А когда очнулся — в вагоне не было ни души, и Петр куда-то исчез. Поезд все мчался сквозь дождь и черноту. Странно было слышать хлопанье дверей во всех вагонах: оттого странно, что ведь ни в одном вагоне нет ни души…
Я лежал, как труп, в ледяной испарине, и страх под сердцем все накапливался…
— Ка-мер-ди-нер!
В дверях появился Петр, с синюшным и злым лицом. «Подойди сюда, Петр, подойди, ты тоже весь мокрый — почему? Это ты сейчас хлопал дверями, да?»
— Я ничем не хлопал. Я спал.
— Кто же тогда хлопал?
Петр глядел на меня, не моргая.
— Ну, это ничего, ничего. Если под сердцем растет тревога, значит, надо ее заглушить, а чтобы заглушить, надо выпить. А у нас есть что-нибудь выпить?..
— Нет ничего. Все выпито.
— И во всем мире никого-никого?
— Никого.
— Врешь, Петр, ты все мне врешь!!! Если никого, то кто же там гудит дверями и окнами? А? Ты знаешь?.. Слышишь?.. У тебя и выпить, наверное, есть, а ты мне все врешь!..

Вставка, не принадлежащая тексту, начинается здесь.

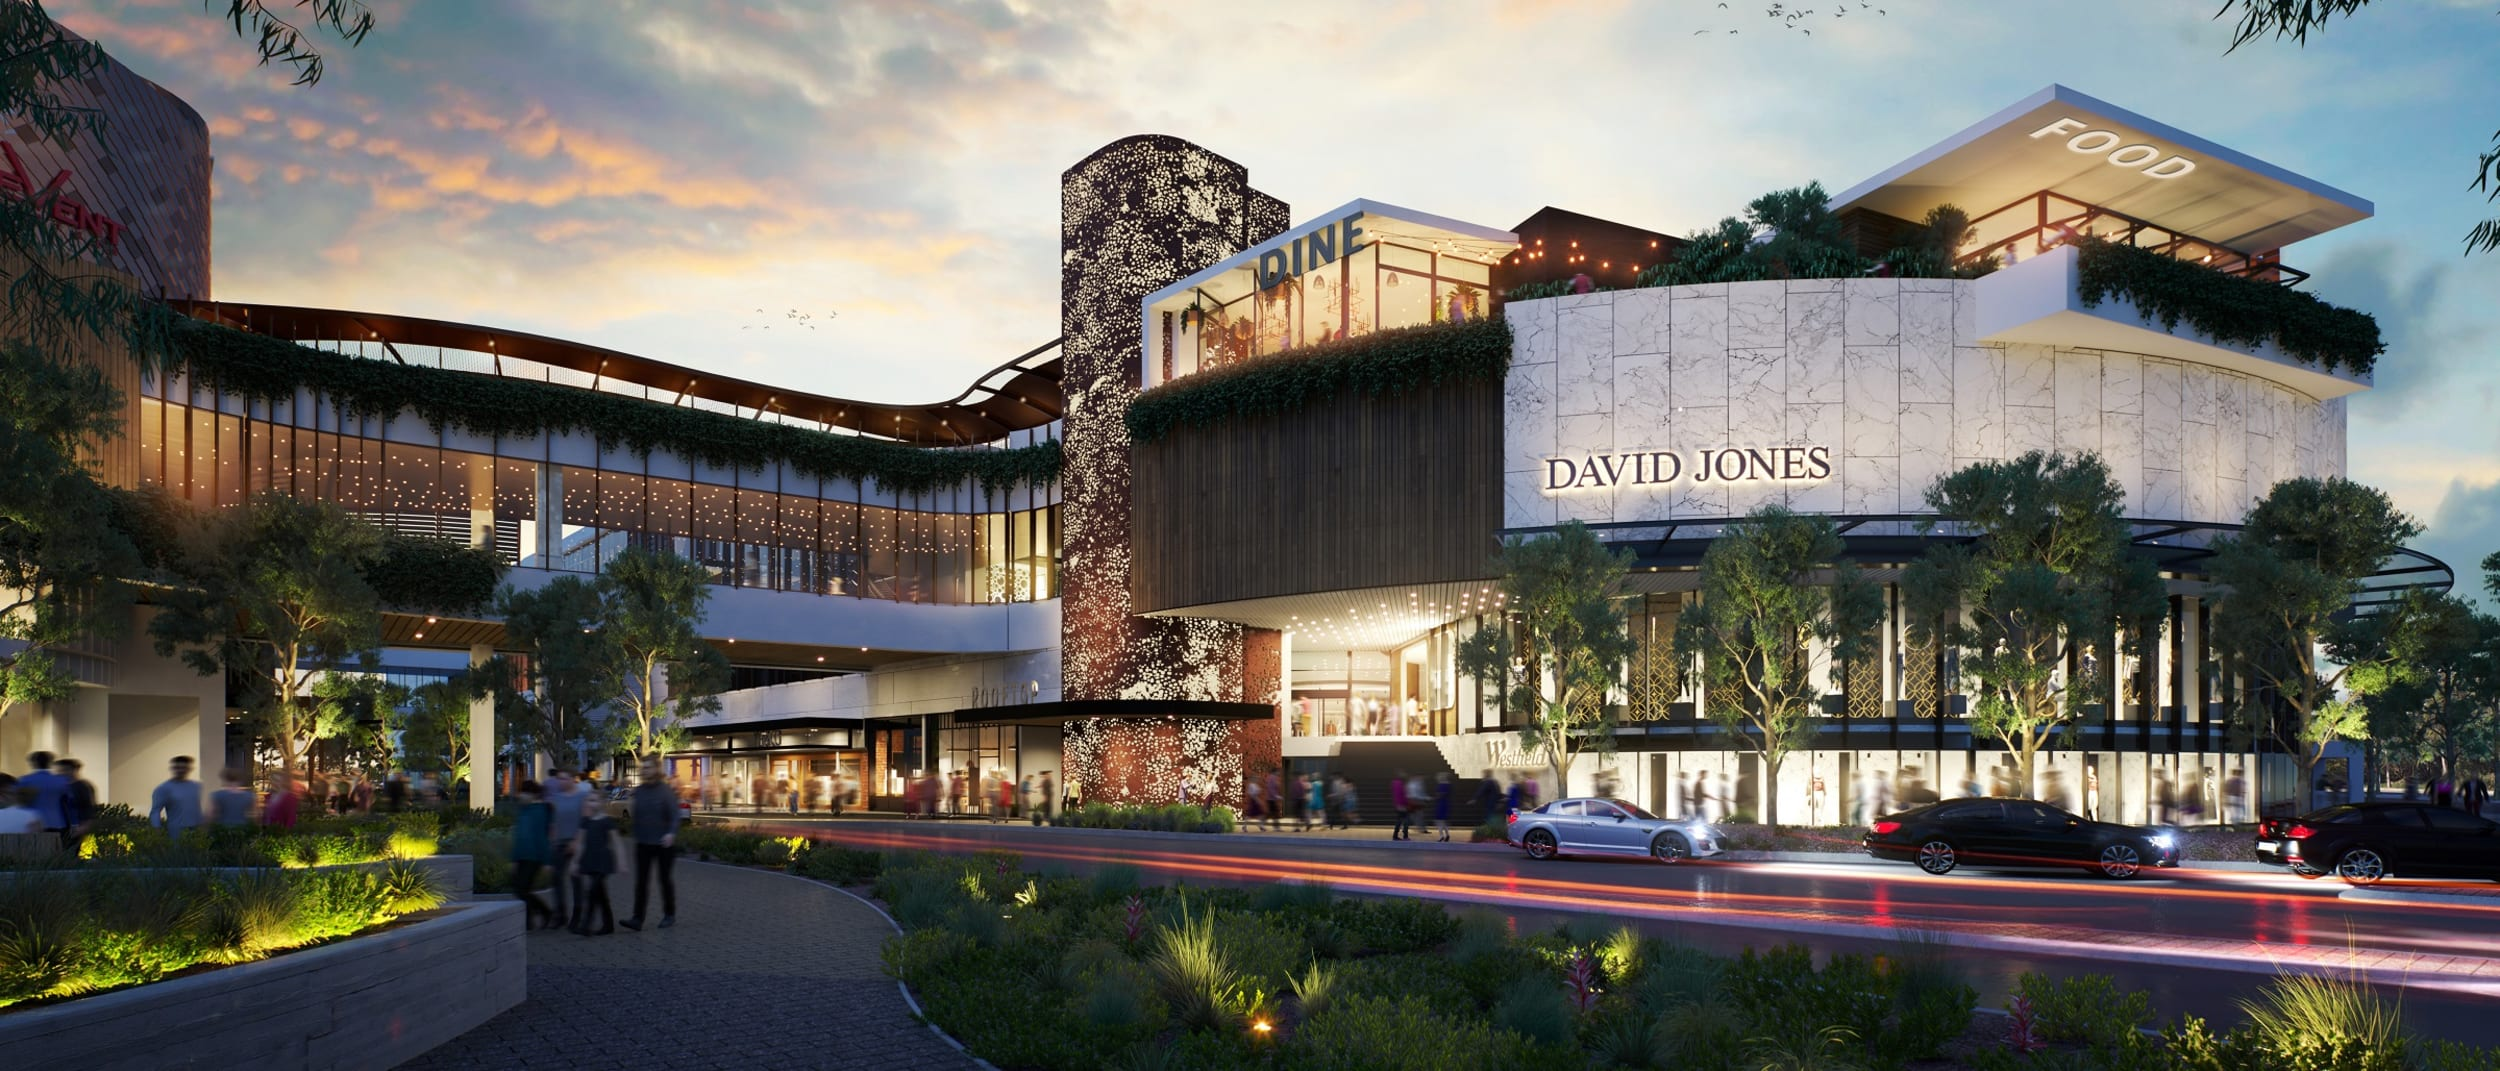 Discover the vision for Perth's premiere lifestyle destination

Петр, все так же не моргая и со злобою, глядел на меня. Я видел по морде его, что я его раскусил, что я понял его и что он теперь боится меня. Да, да, он повалился на канделябр и погасил его собою — и так пошел по вагону, гася огни. «Ему стыдно, стыдно!» — подумал я. Но он уже выпрыгнул в окошко.
— Возвратись, Петр! — я так закричал, что не сумел узнать своего голоса: «Возвратись!»
— Проходимец! — отвечал тот из-за окошка.
И вдруг — впорхнул опять в вагон, подлетел ко мне, рванул меня за волосы, сначала вперед, потом назад, потом опять вперед, и все это с самой отчаянной злобою…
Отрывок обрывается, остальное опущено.